There are several dimensions across which the available data sources can complement one another. The most apparent is that different data sources contain different attributes or field types. Different sensors generating data streams target hosts of different operating systems, hardware platforms, and locations. Data streams are also collected at different characteristic intervals.  Data streams collected from multiple sensors can complement one another providing a more continuous and complete view of the host population over time.

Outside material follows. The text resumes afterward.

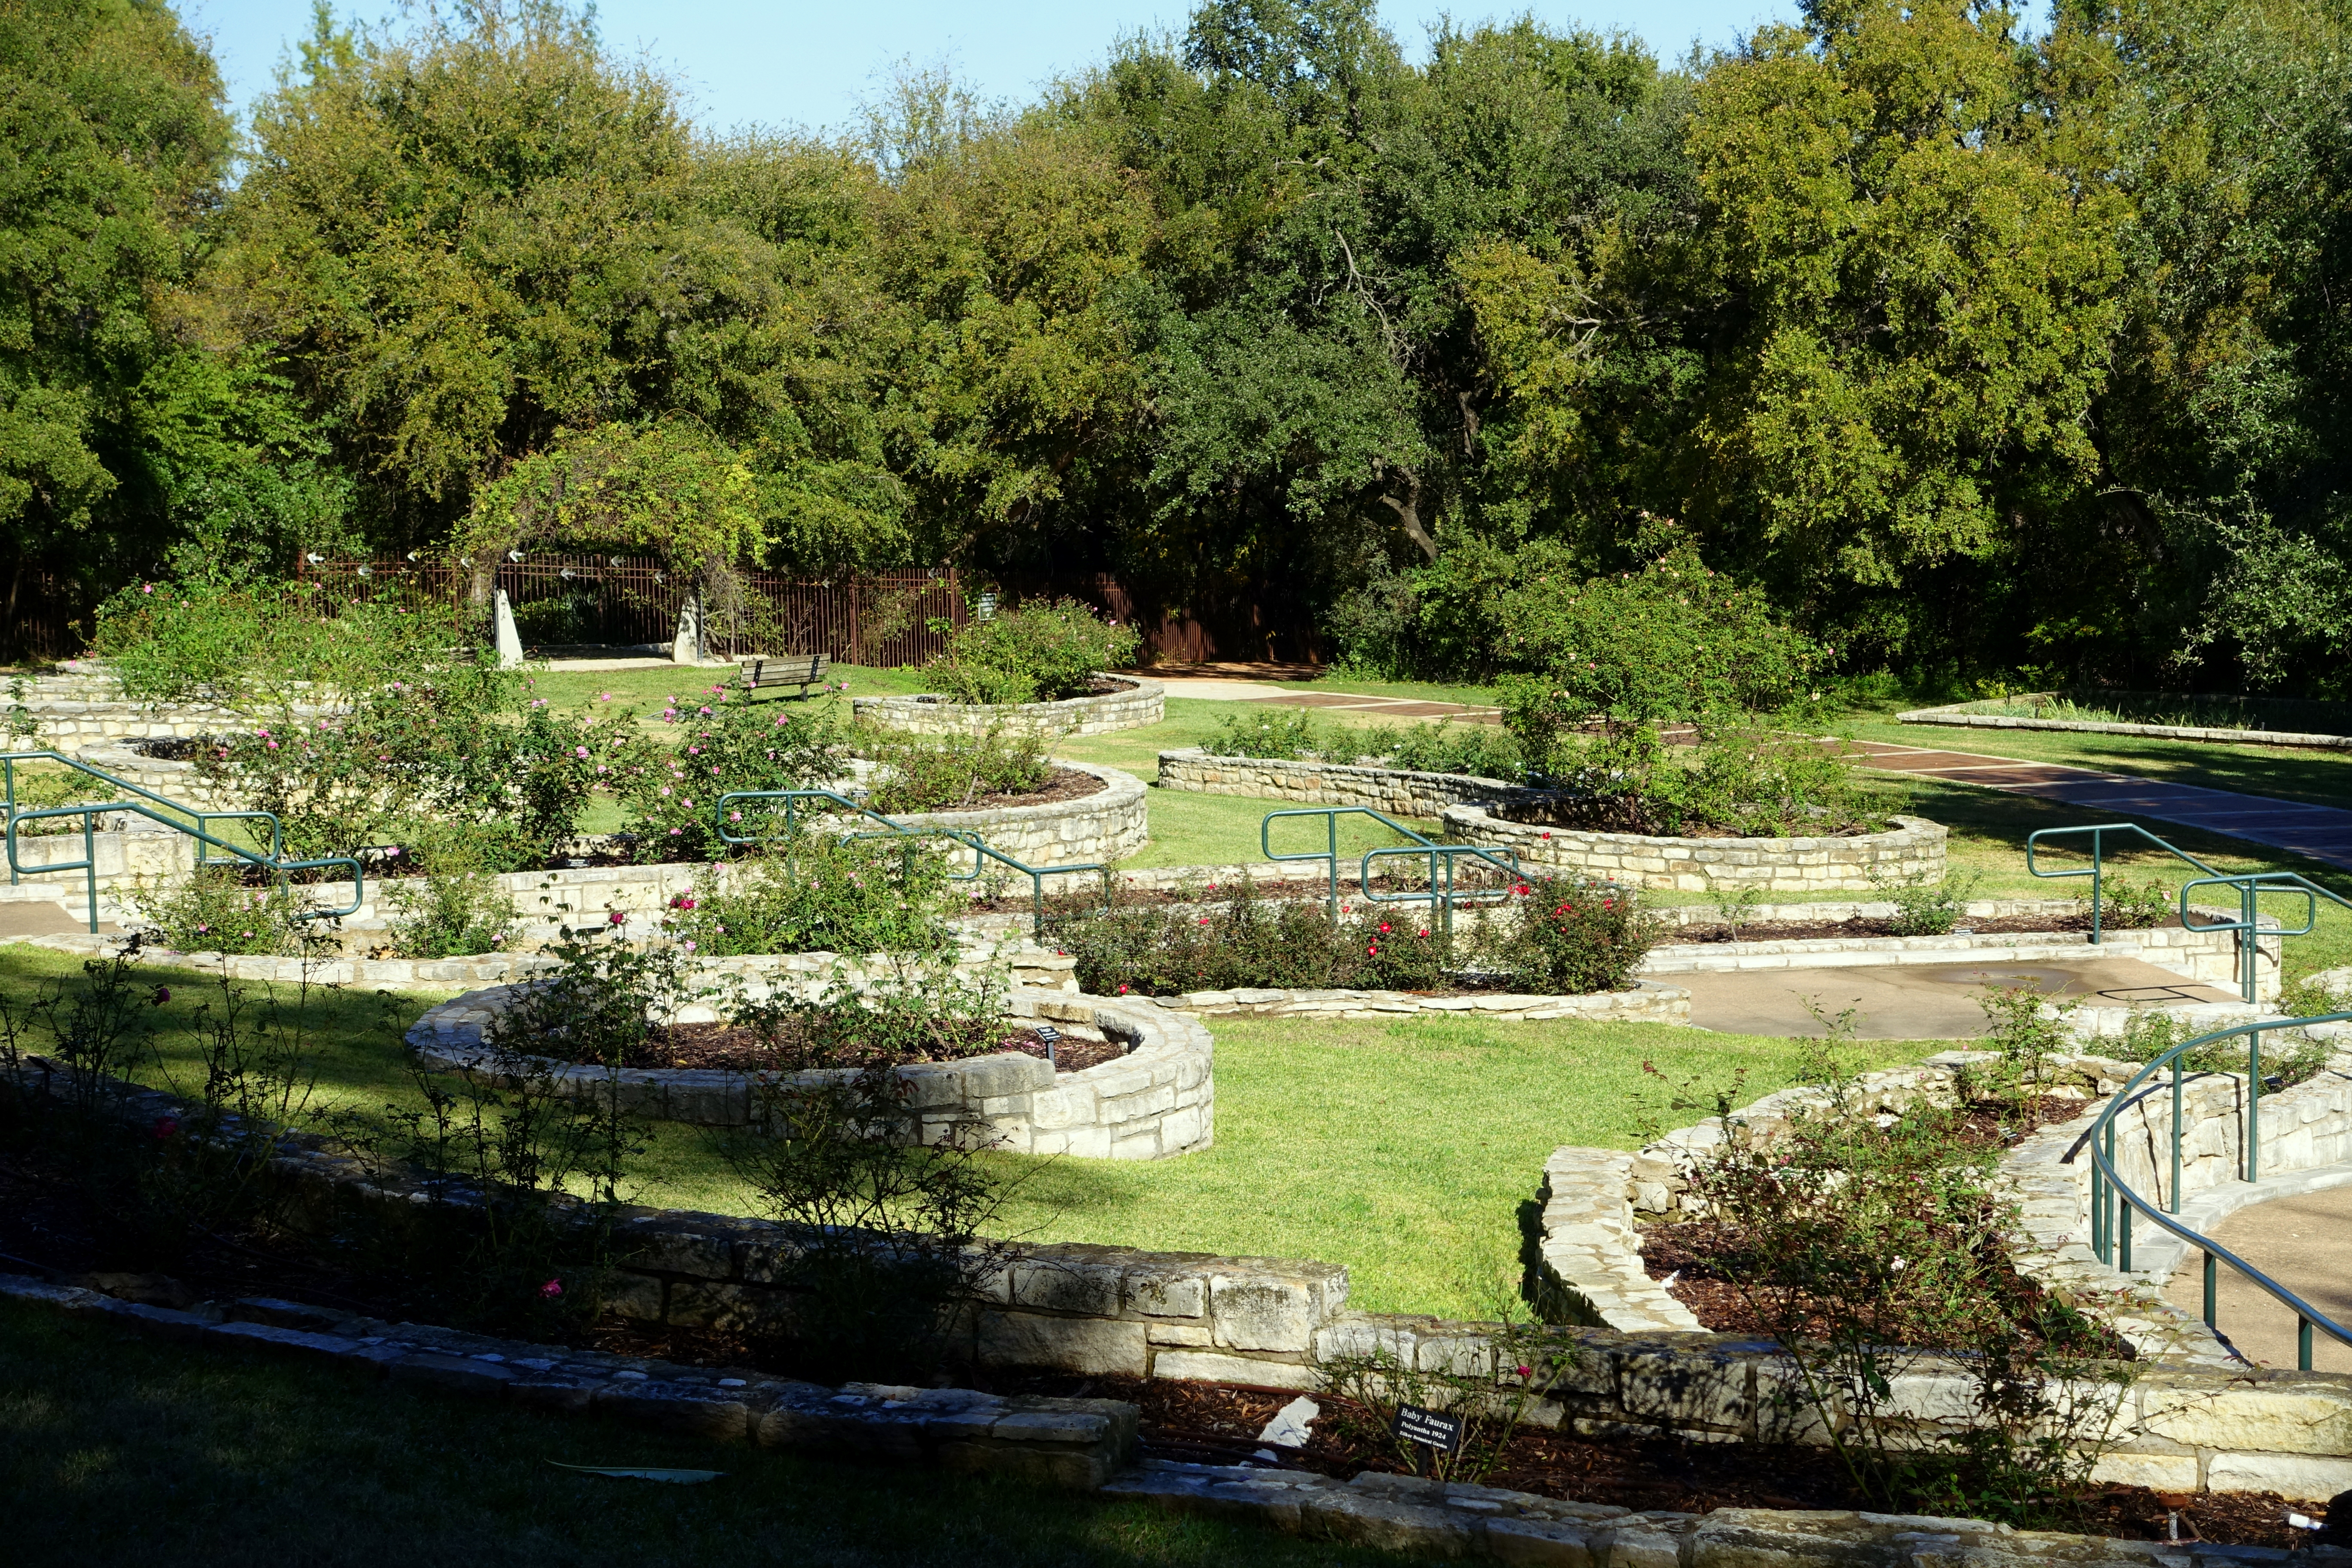 File:Mabel Davis Rose Garden   Zilker Botanical Garden   Austin, Texas    DSC08873

Different sources of data are reliable over different time intervals, and the reliability of individual fields can vary within a single data source. Combining data sources is challenging because a useful overlap must have a matching field type, time interval, and visibility to the same host. The number of fields in a data source extracted from a log file can get very large, while individual records are sparsely populated. Even within a single log file, there are often different types of events reported, each with a different subset of fields. Overcoming these challenges to provide an accurate timeline of user and host activities is the primary goal of this research.

5. Approach

We have developed a prototype system to catalog unique hosts (including virtual machines) on a network and built a timeline of network events associated with each host. We begin by describing how we reduce the dimensionality of the raw data collected. In contrast to ER in medical, intelligence, or law enforcement communities, equating an entity in one record to a corresponding entity in another record typically does not have a lot of support from overlapping values in the data. We experiment with different mechanisms for combining evidence from multiple records to bolster the support.

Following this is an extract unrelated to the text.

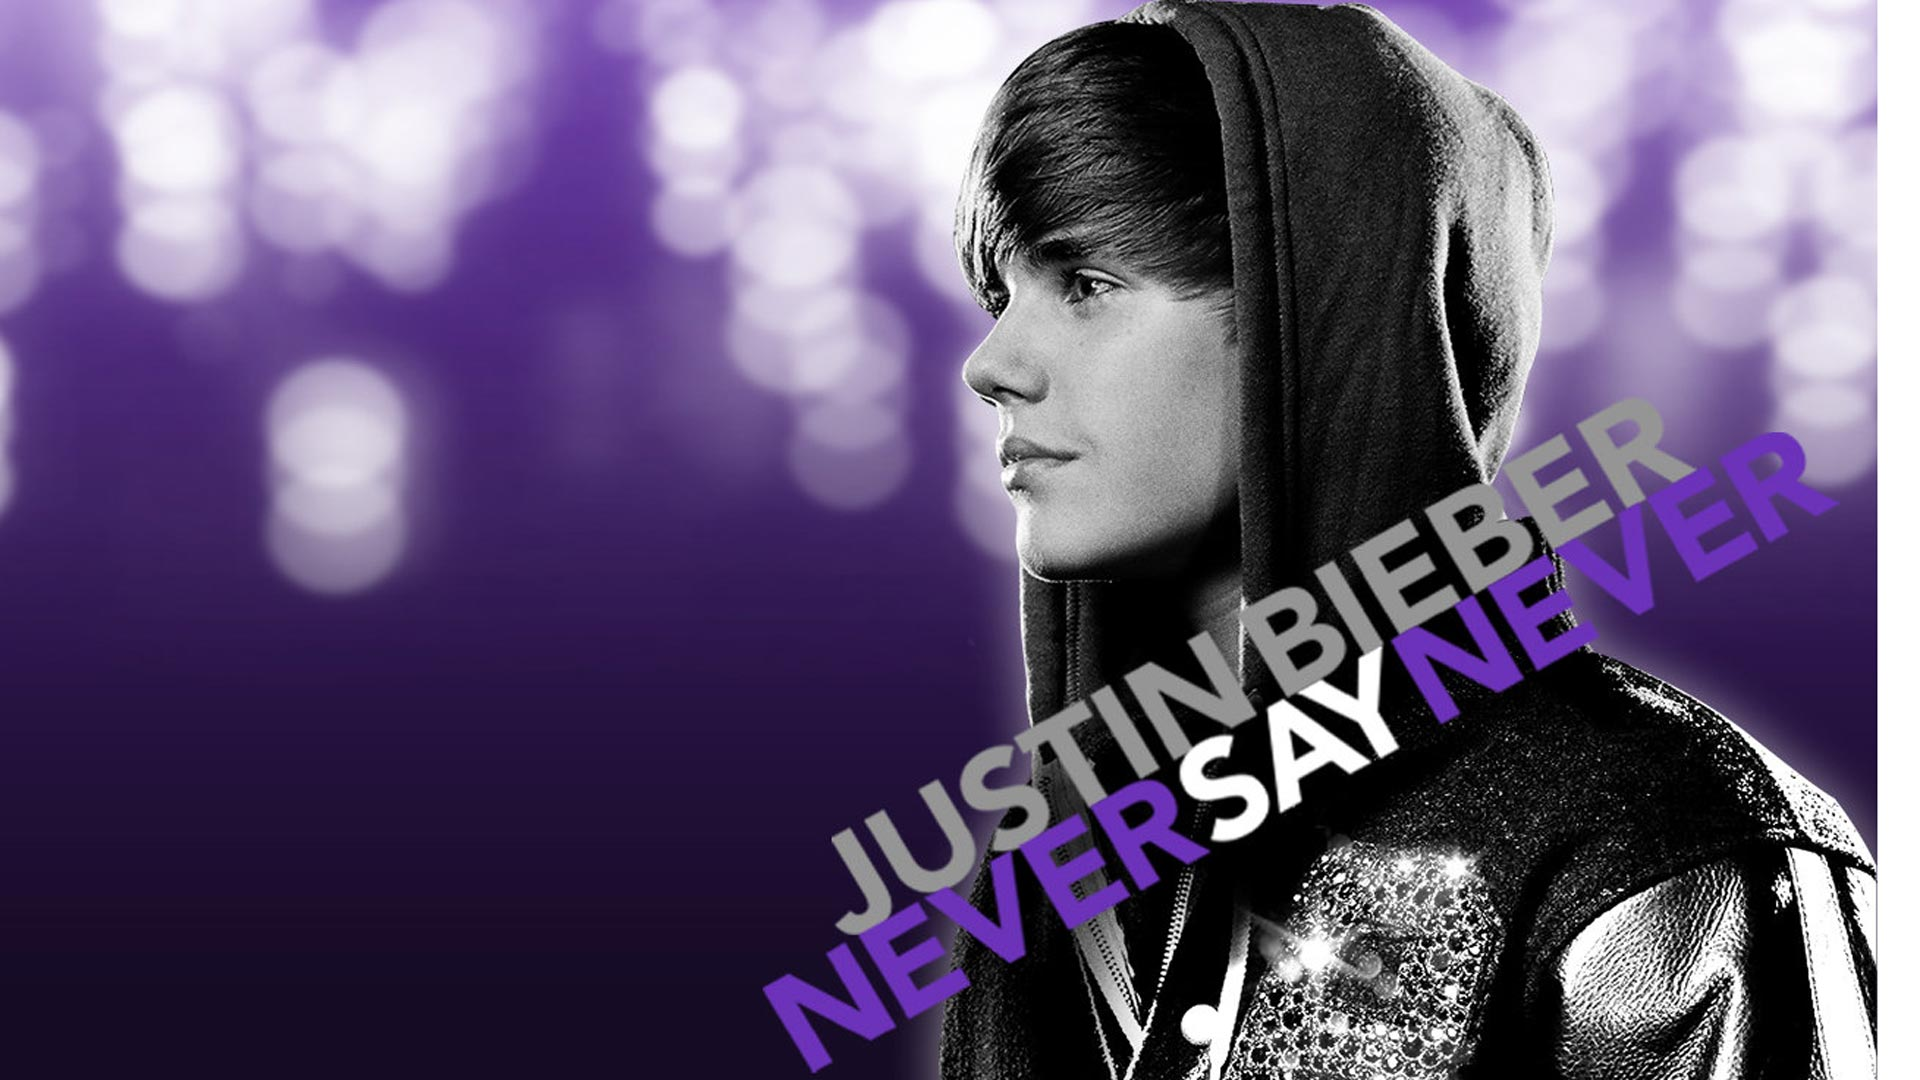 Justin Bieber 2013 Cool Wallpaper: Download Cool HD Wallpapers Here

We define a host segment, which is a coalesced timeline of log events describing a network connection session. A host segment is defined by four variables (tstart, tendIP, MAC). The values of these variables are pulled from different data sources. Ideally, tstart and tend are extracted from special data sources that directly indicate the initiation and termination of a network session.

The challenge of ER lies in aligning different network connection sessions (host segments) to the same underlying host in the physical world. We make extensive use of the fields in records that fall into a host segment’s time interval to provide support for ER between host segments. Primarily, a record is associated to a segment if it contains that segment’s IP and/or MAC. Evidence for ER comes from coincidence of additional fields found in all records associated with a segment.

6.1. Pipeline

We have designed a pipeline to guide the development of the cyber ER prototype. We will refer to a single entry in a log file as an event or a record. The pipeline takes events as input and produces timelines of unique hosts as output. The pipeline consists of seven stages operating on a continuous stream of events. Initially, new events are ingested and parsed; useful attributes are extracted and stored into a database.

Segments are constructed by chaining events given the following constraints:

  • A segment consists of one or more events with identical IP and MAC.
  • The first event is a connect event, or a poll event indicating the network interface is “live.”
  • The last event is a disconnect event or a poll event.
  • No two segments with the same IP and/or MAC can overlap in time.

6.2. Mechanism for Combining Evidence

Given that cyber events happen at a specific time, whereas host segments are defined by a time interval, there are two strategies that could be used to enrich the segments with additional event data. The first is to sample the collection of host segments at discrete intervals, called snapshots, and estimate the host state variables at the time of these snapshots. The second is to integrate or aggregate all events that occur within the segment interval and enrich the host with all this information. In both cases, events can be used to enrich a segment if they occur within the segment’s time interval and share a key with the segment, either the IP or MAC address.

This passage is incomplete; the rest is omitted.